Central to this commitment is ensuring veterans, in particular, have access to appropriate and timely healthcare.  In recent years we have worked with partners in the NHS, the third sector, Ministry of Defence (MoD) and the military to develop initiatives and policies to ensure veterans’ and serving personnels’ physical and emotional needs are met.  

We can be proud of our work, particularly in relation to mental health services for veterans in Wales.  Veterans NHS Wales, which was previously called the all-Wales Veterans Health and Wellbeing Service, provides dedicated veterans’ therapists in each health board and is the only national service for veterans of its kind in the UK.  

It was developed from a successful pilot in south Wales, which was jointly funded by the Welsh Government and MoD.  The Welsh Government expanded the service to cover all of Wales in 2010, investing £485,000 to support its development.

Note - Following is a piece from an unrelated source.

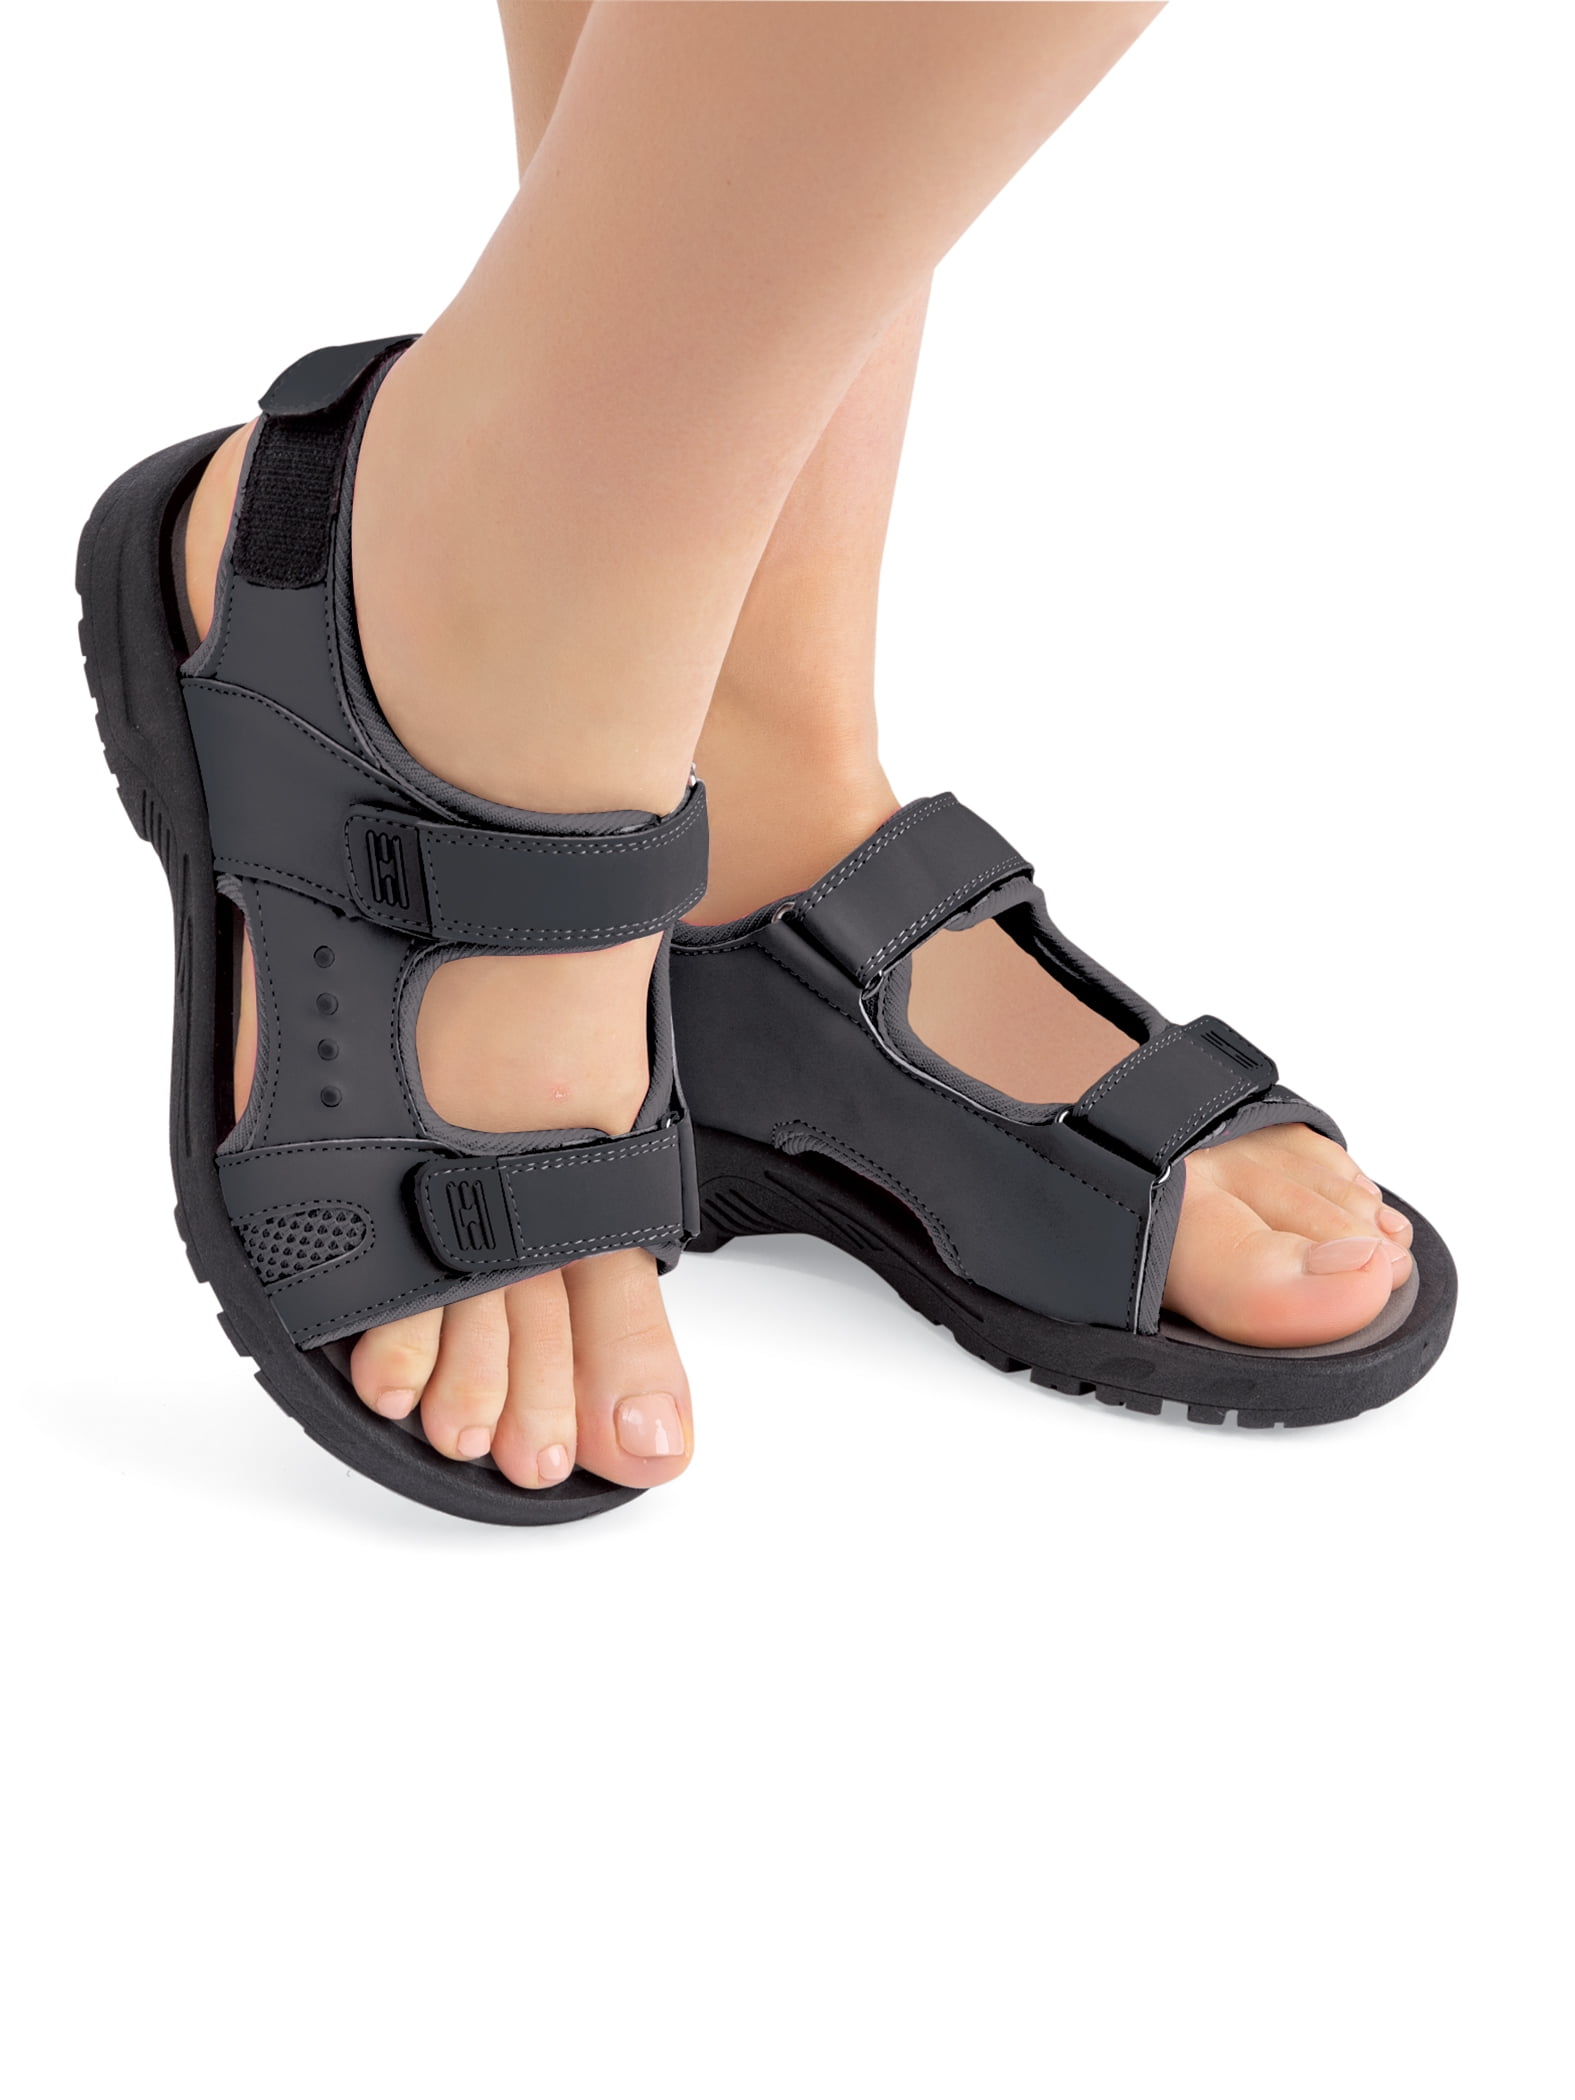 better-caress Women Flat Sandals Rubber Feminina Belt Shoes Pu Leather Comfort,White A,6.5

In the years since, more than 1,100 veterans have been referred to the service, with 395 between April 2013 and March 2014 alone.  This year, the Welsh Government invested a further £100,000 in Veterans NHS Wales, which will ensure veterans receive faster access to assessment and treatment services.  Early indications show this funding is already having a positive impact, with waiting times reducing across health boards.  The results are particularly striking in Cardiff and Vale University Health Board, where the waiting time to access treatment has reduced from 7 months to 6 weeks, over the period June to September 2014.

Earlier this year I commissioned Public Health Wales to carry out a review of Veterans NHS Wales, which would include an analysis of current and future demand for services, a consultation with providers and users about how the service operates, and to consider how it could be improved.

The report is available on Public Health Wales’ website.

http://www2.nphs.wales.nhs.uk:8080/HealthTopicLeads.nsf/85c50756737f79ac80256f2700534ea3/f93e1024a5edd6fd80257d880034fd88/$FILE/Veterans NHS Wales Review 2014 Final Version 051114.docx

The review reports that veterans who have used Veterans NHS Wales are very satisfied with the service and treatment they have received; there was unanimous satisfaction with the therapists and despite some concerns about waiting times to first appointment – the vast majority of veterans who were asked said they were happy with their waiting time.

Public Health Wales has highlighted the low number of women and early service users who have accessed Veterans NHS Wales to date and identified the Welsh prisoner veteran population as an area of potential unmet need. The review makes a series of recommendations to improve Veterans NHS Wales in the immediate and longer term to address this unmet need.  Public Health Wales  is continuing to work with Veterans NHS Wales to take these forward.

Health boards and Veterans NHS Wales must now work together to implement the recommendations of this report to ensure veterans in Wales continue to have access to the UK’s only national, dedicated service to support their emotional and mental health needs.